Ascot Announces Update on Final Option Payments on Premier and Dilworth
VANCOUVER, BRITISH COLUMBIA--(Marketwired - Jul 4, 2017) - Ascot Resources Ltd. (the "Company") (TSX
VENTURE:AOT) has now paid the final option payments in respect of the Premier and Dilworth properties on June 30, 2017. The final
payment of CDN$4,775,000 in respect of the Premier property option (the "Premier Payment") has been paid and
such payment has been placed in escrow and will be released to Boliden Limited ("Boliden"), subject to the
Company and Boliden entering into a definitive agreement and the satisfaction of all conditions to closing on the Premier
property and the Dilworth property. The Company, Boliden and Rick Kasum have agreed to amend the Dilworth option agreement to
allow the Company to make a final payment of CDN$1,037,500 to Mr. Kasum and will now proceed with transferring title to Mr.

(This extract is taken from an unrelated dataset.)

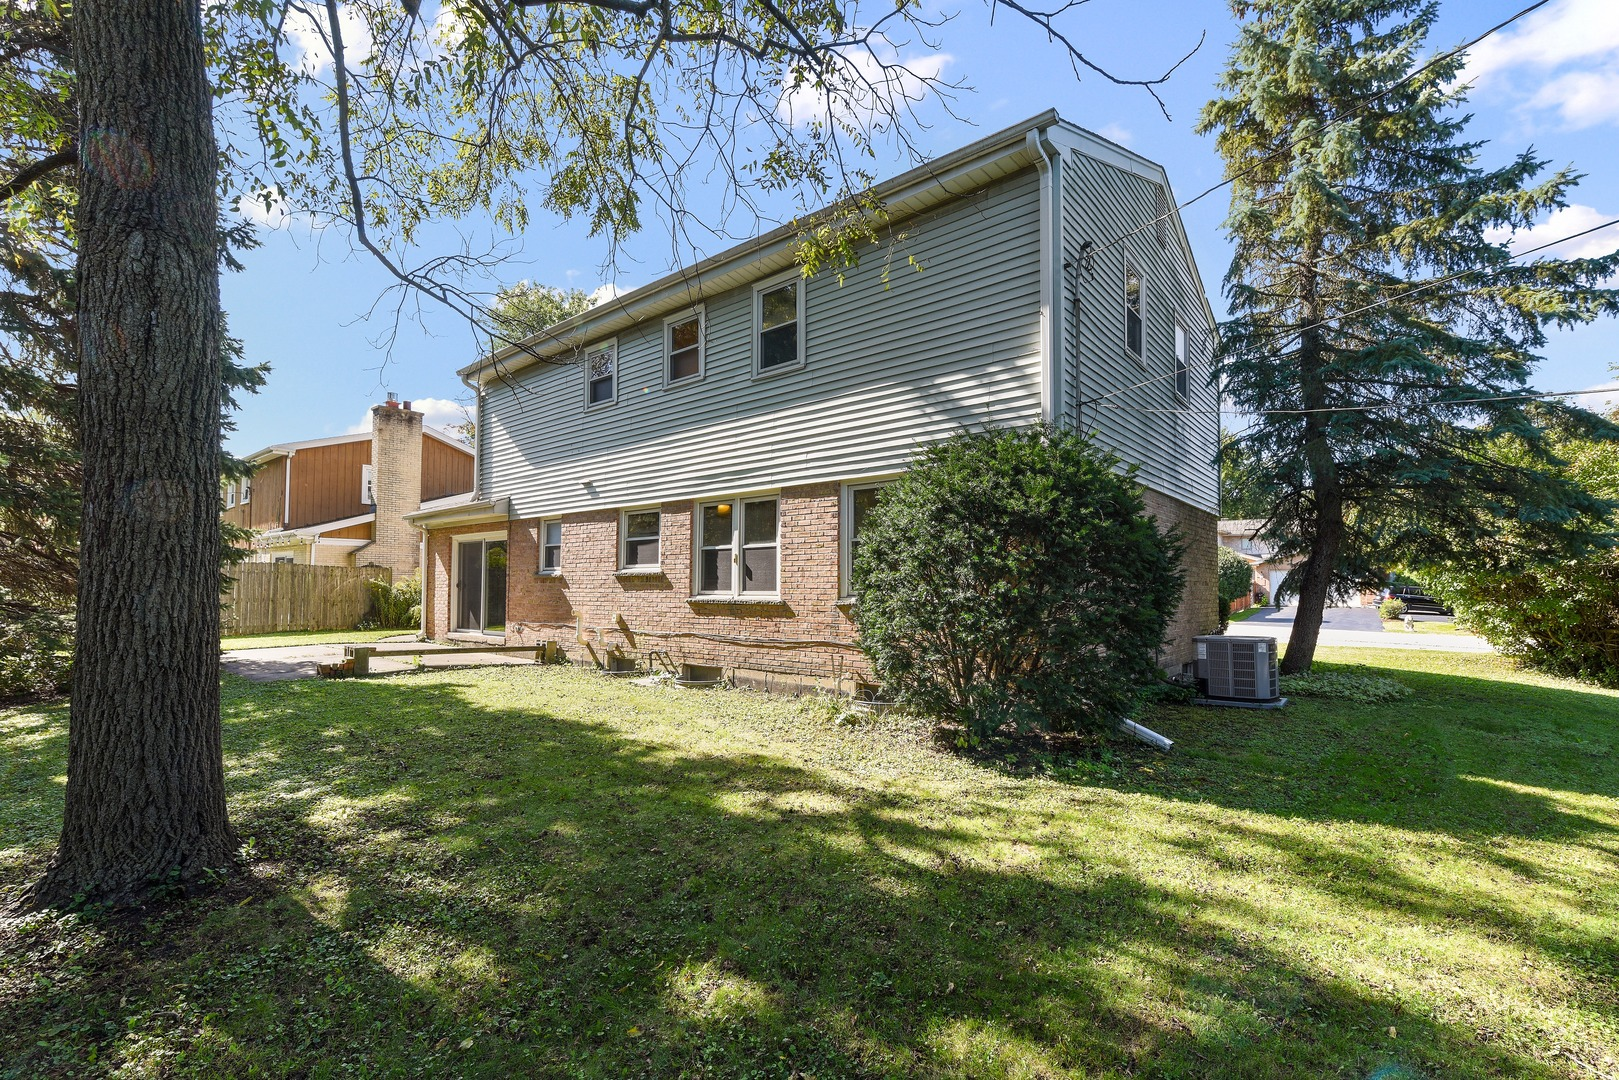 945 Huber, Glenview, Illinois, 60025

Kasum's portion of the Dilworth property to the Company. The final payment of CDN$1,037,500 in respect of Boliden's portion of
the Dilworth property has also been paid, such payment has been placed in escrow and will be released to Boliden concurrently
with the release of the Premier Payment.
For more information concerning the Company, please refer to the Company's profile on the SEDAR website at www.sedar.com.
ON BEHALF OF THE BOARD OF DIRECTORS OF
ASCOT RESOURCES LTD.
"John A Toffan", President and Director
Neither the TSX Venture Exchange nor its Regulation Service Provider (as the term is defined in the policies of the TSX
Venture Exchange) accepts responsibility for the adequacy of this release.
Cautionary Statement Regarding Forward-Looking Information
All statements, trend analysis and other information contained in this press release relative to markets about anticipated
future events or results constitute forward-looking statements. Forward-looking statements are often, but not always, identified
by the use of words such as "seek", "anticipate", "believe", "plan", "estimate", "expect" and "intend" and other similar
expressions. All statements, other than statements of historical fact, included herein, including, without limitation; statements
regarding the closing of the acquisitions of the Premier and Dilworth properties are forward-looking statements. Forward-looking
statements are subject to business and economic risks and uncertainties and other factors that could cause actual results of
operations to differ materially from those contained in the forward-looking statements. Important factors that could cause actual
results to differ materially from Ascot's expectations include the inability to satisfy the conditions to closing of the Premier
and Dilworth properties, including obtaining the required consents and permits necessary to own and operate the Premier property;
the need for cooperation of government agencies and native groups in the exploration and development of properties and the
issuance of required permits; and uncertainty as to timely availability of permits and other governmental approvals.
Forward-looking statements are based on estimates and opinions of management at the date the statements are made. Ascot does not
undertake any obligation to update forward-looking statements except as required by applicable securities laws. Investors should
not place undue reliance on forward-looking statements.